How a hard-won peace binds China and Africa today

On August 24, 2025, in Beijing, aircrafts fly over the Zhengyangmen Archery Tower along Beijing's central axis during a rehearsal for the September 3rd military parade marking the 80th anniversary of the victory in the Chinese People's War of Resistance Against Japanese Aggression and the World Anti-Fascist War.

 

By Gao Junya- CGTN

In the early years after the People’s Republic of China was founded in 1949, one name became a humble, widespread prayer for a new generation: Heping, which means peace in Chinese. Alongside names like Jianguo (build the nation), Aiguo (love the nation), and Jiefang (liberation), it embodied the deepest aspiration of the Chinese people emerging from decades of devastating conflicts.

For the Chinese, peace is not an abstract concept taken for granted; it is a hard-won prize, paid for with the blood and resilience of their own scorched earth.

China’s sacrifice in the fight against fascism is a story often relegated to the footnotes of Western historical narratives.

Few remember that China was the first nation to face the onslaught of Axis aggression. The invasion by Fascist Japan on September 18, 1931, marked the prelude to the start of the Second World War in the Eastern Theater. In less than six months, a million square kilometers of Northeast China fell under occupation, beginning a long, brutal war of resistance that would last for 14 years, until 1945.

Personal letters from Unit 731 soldiers and doctors to their families, revealing firsthand experiences of the war

 

The cost was staggering: over 35 million Chinese casualties, a pivotal contribution to a global conflict that claimed over 100 million lives. In Nanjing, 300,000 people were killed in just over 40 days following the city's fall to Japan, while in the country's northeast, Unit 731 conducted brutal human experiments.
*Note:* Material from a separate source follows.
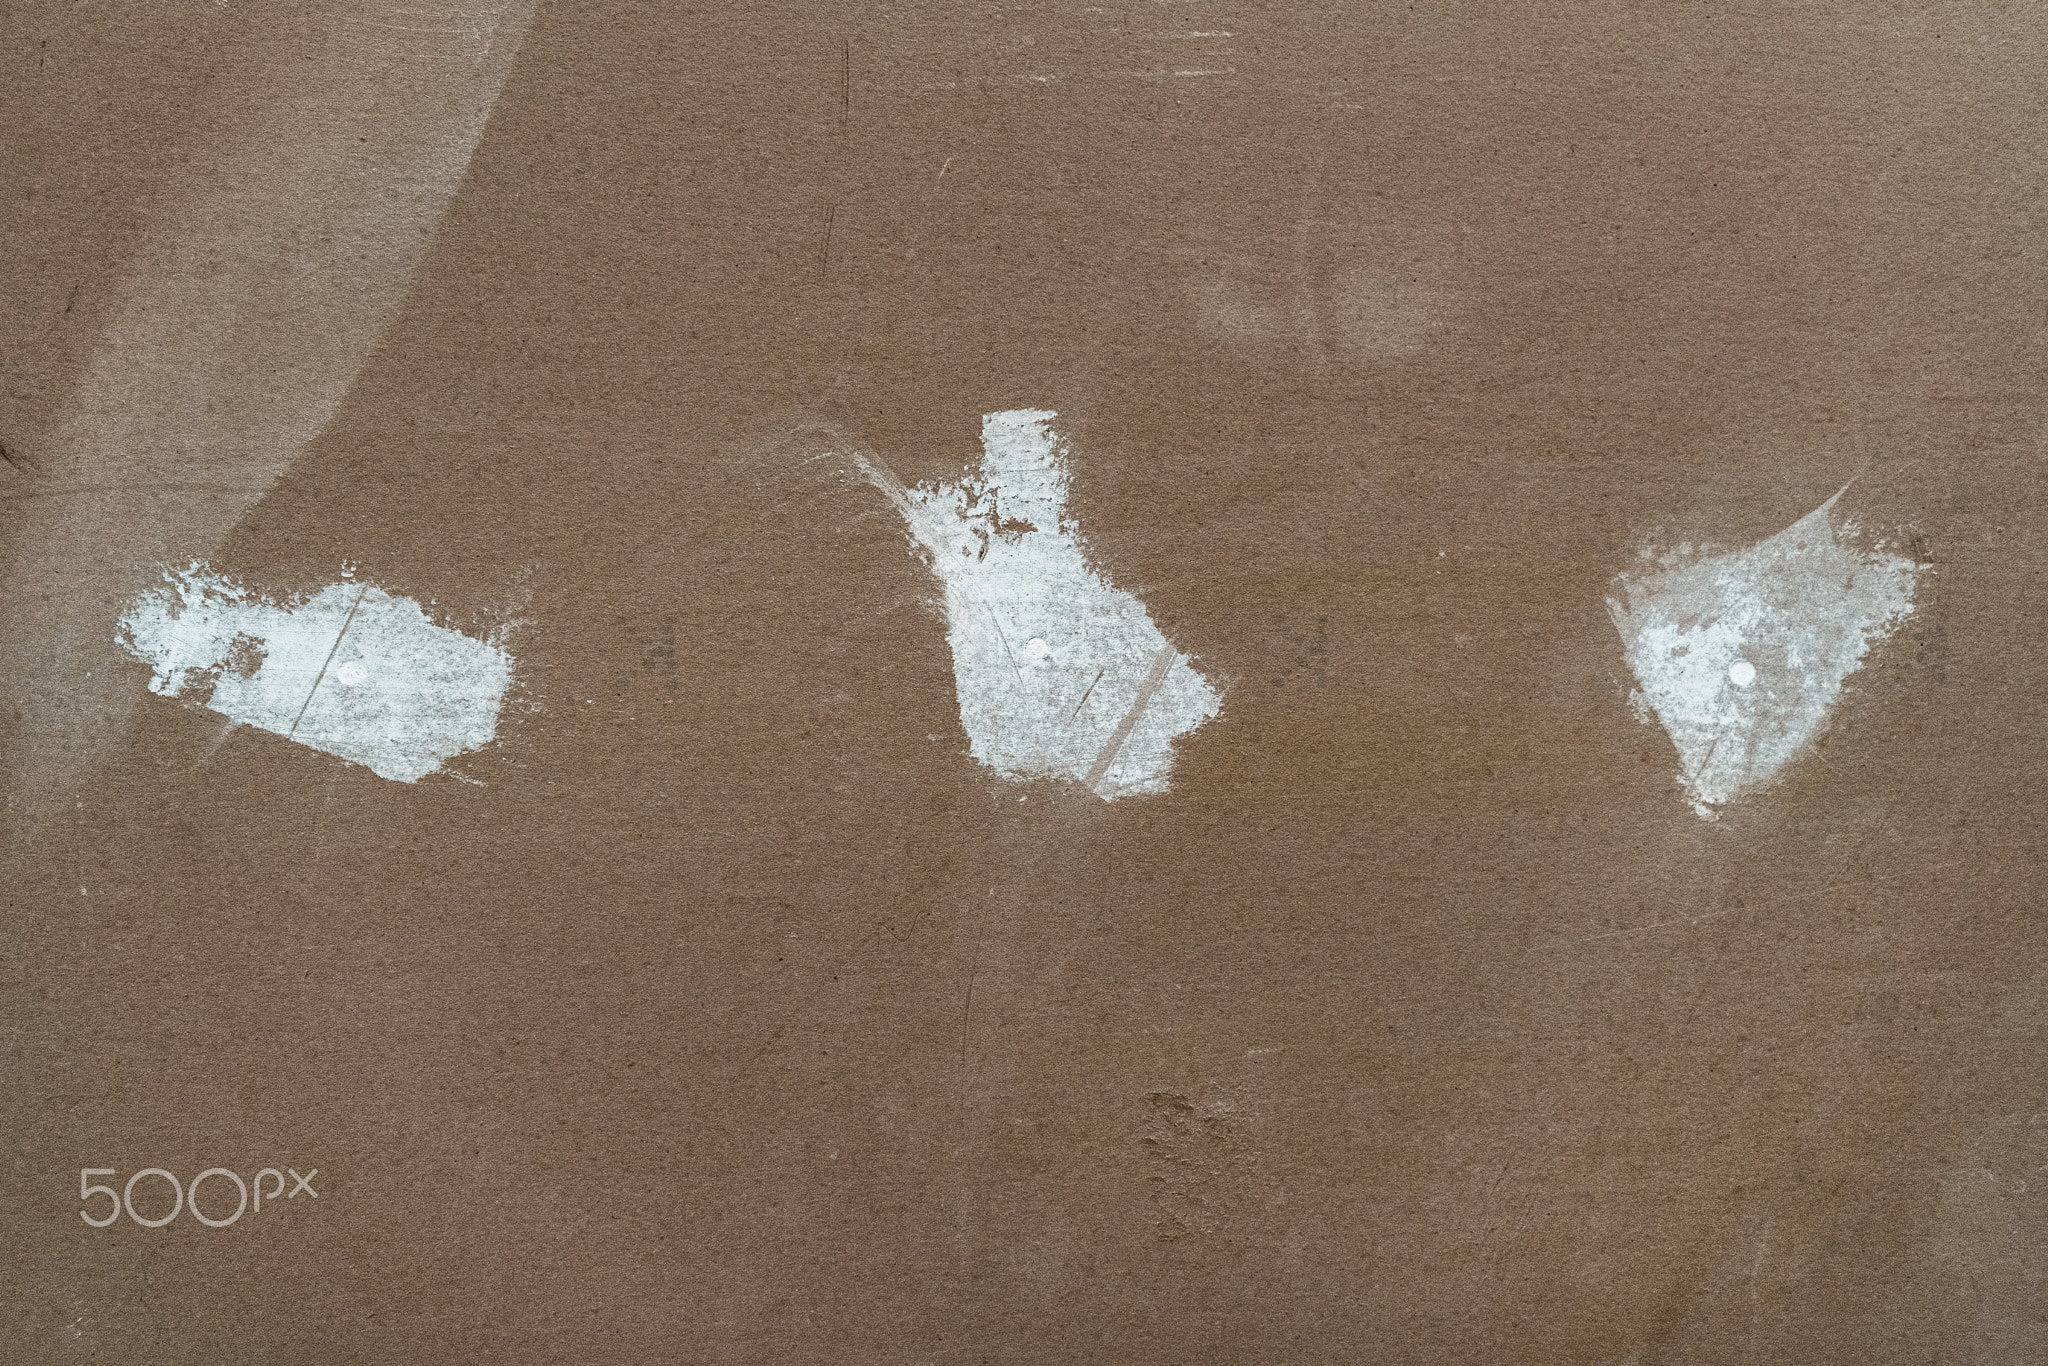 Drywall panel with plastered holes on it. White putty on drywall

The Chinese Expeditionary Force fought alongside British troops in Burma (now Myanmar), suffering nearly 200,000 casualties to wipe out 185,000 enemy combatants.

Yet these historical facts and sacrifices are neglected in Western narratives and denied by many in Japan even today.
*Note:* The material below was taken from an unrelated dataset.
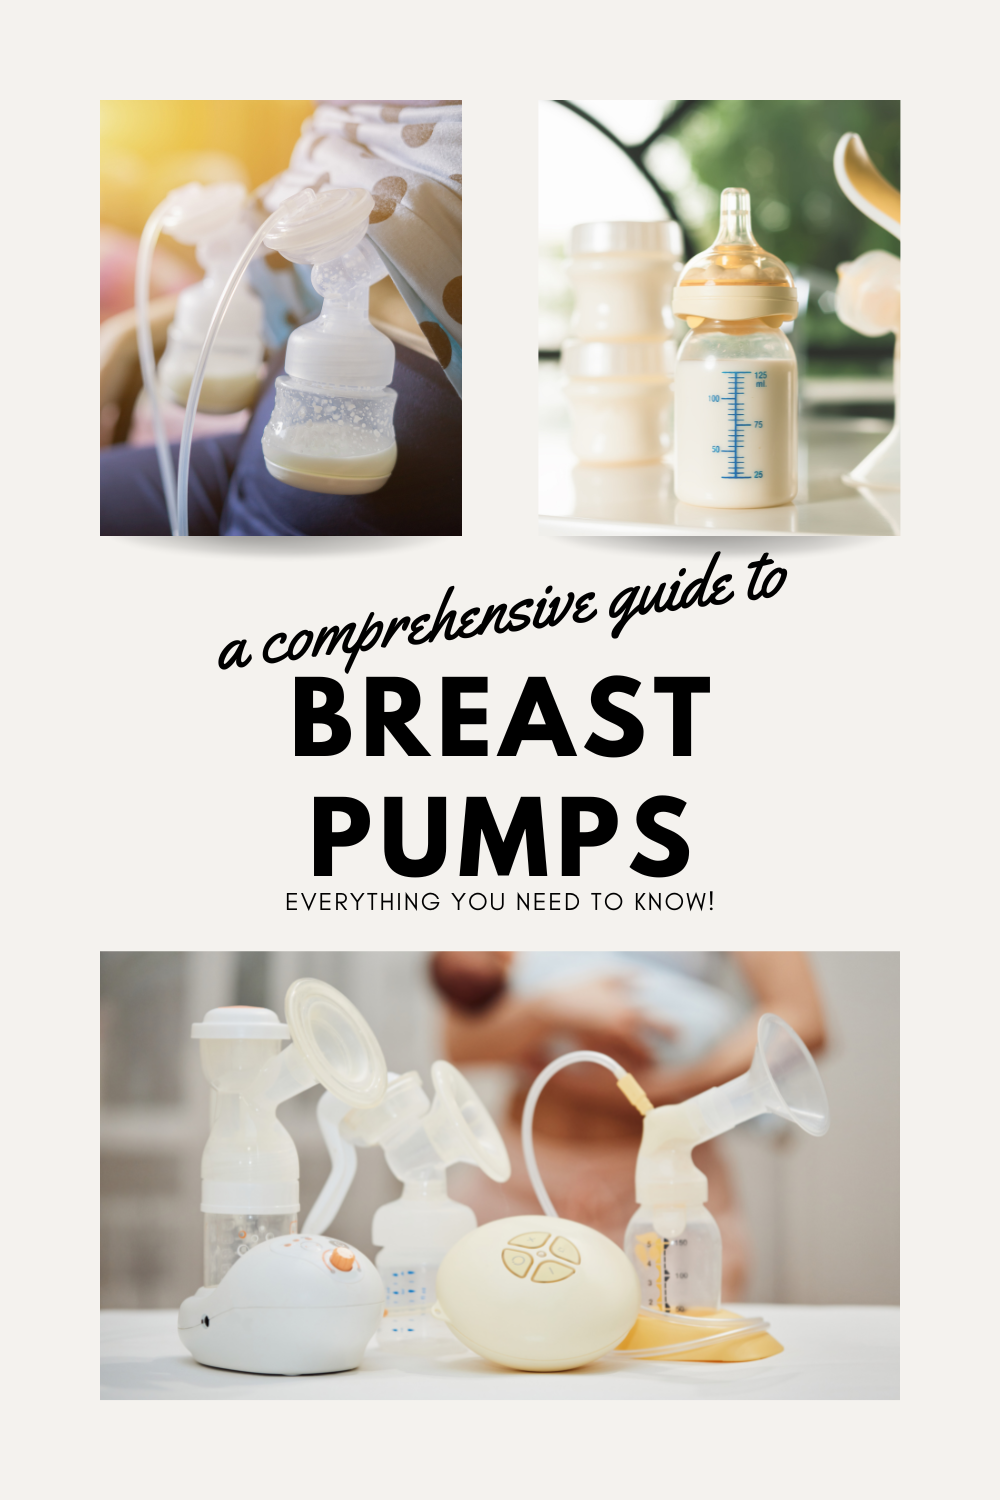 Everything You Need to Know About Breast Pumps

This historical oversight is not China’s alone. Similarly absent from mainstream accounts is the immense contribution of over a million common Black Africans who fought and died in every major theater of the war, from Africa and Europe to the Middle East and Southeast Asia. Their deeds, like China’s, have rarely been fully acknowledged.

Many African veterans did not receive the war pensions they deserve, nor were they given the hero's welcome they are owed. Few know how they risked their lives on the battlefields of World War II to secure victory.

Graves of unsung Zimbawean heroes  of the World War II can be found in Mbare 

Even African soldiers who died bravely in combat have often been treated unfairly. In places like Harare and Mombasa, the Commonwealth War Graves Commission deliberately segregated cemeteries, separating the graves of white soldiers from those of Black soldiers.

On Sept. 3, commemorations marking the 80th anniversary of the victory of the Chinese people’s War of Resistance against Japanese Aggression and the victory of the World Anti-Fascist War will culminate in a military parade at Tian'anmen Square in Beijing.

Some Western media accuse China of crafting a new narrative. This misses the point entirely. The goal is not to create but to correct, to allow a forgotten and underappreciated history to finally be heard.

The presence of Zimbabwean President Emmerson Mnangagwa at such commemorations is profoundly symbolic and important.

During the struggles for national independence in Zimbabwe and other African countries, Chinese and Africans fought side by side against colonial powers.

President Mnangagwa himself was trained in China for the freedom fight.

Today, that partnership has evolved from fighting for freedom to building for the future. We know peace is hard-won. And we remain committed to building and protecting it together.

The name "Heping" endures as a quiet testament to this journey. So, if you ever meet a Chinese man named Heping, take a moment to speak with him. Behind that name lies not just a personal identity, but a generational memory, a story of war cherished for the profound peace it ultimately cost.

 

Gao Junya is a journalist with CGTN Radio. She worked in Zimbabwe from 2018 to 2023.